Veterans who have questions can contact Veterans Education Success for free assistance at [email protected].


  • Veterans Education Success has been at the forefront of advocacy for student veterans. The group played a key role in pushing for the Department of Education to improve loan forgiveness for defrauded students. The Department has announced proposed regulations to improve the “borrower defense” program, and Veterans Education Success played a role in crafting the revised regulations during negotiated rulemaking (formal public input).
  • Veterans Education Success has helped thousands of student veterans who were victims of fraud in higher education.

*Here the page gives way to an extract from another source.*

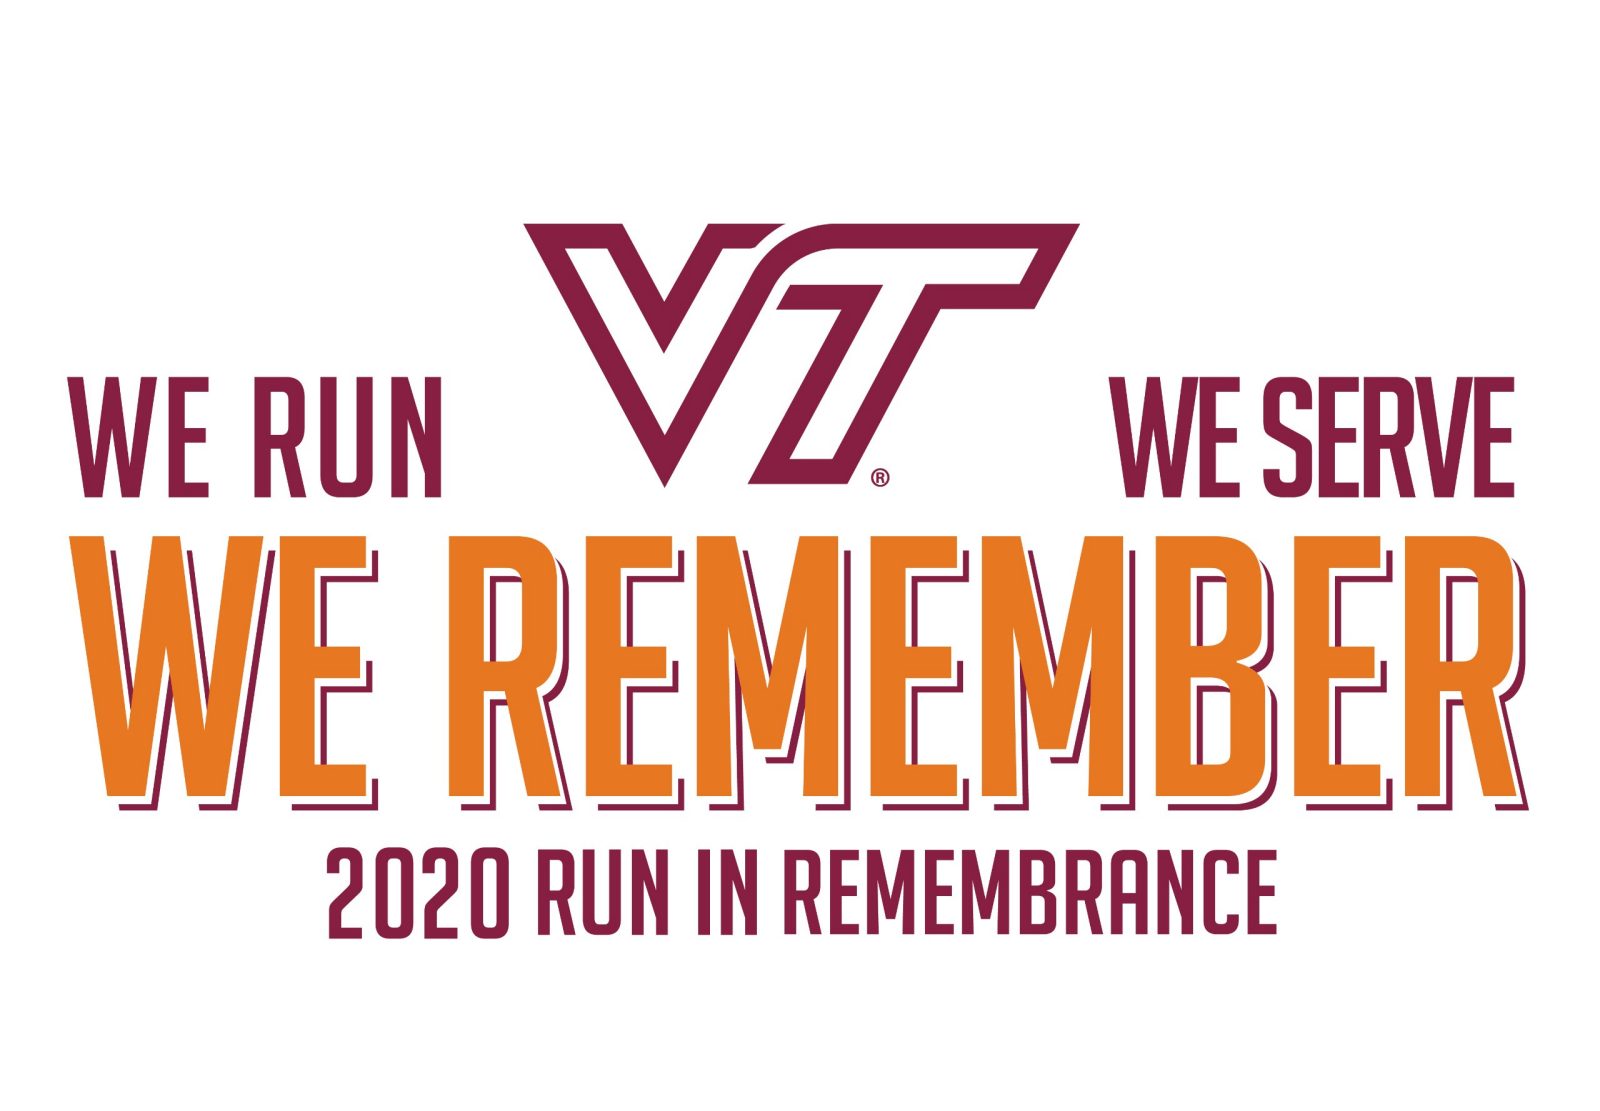 2021 Virtual Run in Remembrance announced for April 16-18

  • Veterans Education Success has been a strong voice showcasing the need to help veterans who have been scammed by Westwood College and scores of other schools who preyed on veterans for their GI Bill benefits.
  • ​​Before it closed in 2016, Westwood had settled with the U.S. Justice Department (2009), the Colorado Attorney General (2012), and the Illinois Attorney General (2015), agreeing to pay $25.5 million to settle the three lawsuits. The settlements alleged that Westwood had lied to students about employability, job placement, transferability of credits, and costs. The Justice Department settlement further alleged that Westwood had misled the Texas licensing authority about complying with job placement reporting requirements and whether a program complied with professional licensing requirements.
  • The investigations of the Illinois and Colorado Attorneys General showed that Westwood misled students about their likelihood of getting a job and the salary they would earn. In Illinois, the college even promised students they could become police officers when the program did not have the accreditation required for a graduate to qualify for the job. The school allegedly purchased search terms like “regionally accredited” to give prospective students the false impression that the school had the accreditation needed for graduates to become a police officer.
  • The Illinois Office of Attorney General alleged that Westwood failed to provide students accurate information about their financial aid, and charged students an exorbitant interest rate as high as 18% when it financed the students’ costs.
  • The Colorado Office of Attorney General likewise alleged that Westwood failed to follow Colorado’s state financing laws and charged improper financing fees.
  • In 2011, the U.S. Department of Veterans Affairs announced that it had withdrawn approval for three Westwood campuses in Texas because of findings of erroneous, deceptive, and misleading advertising and enrollment practices.
  • The Department of Education also has canceled federal student loans for students who attended other schools, including Corinthian, ITT, and DeVry, due to its findings that the schools provided false and misleading information to prospective students.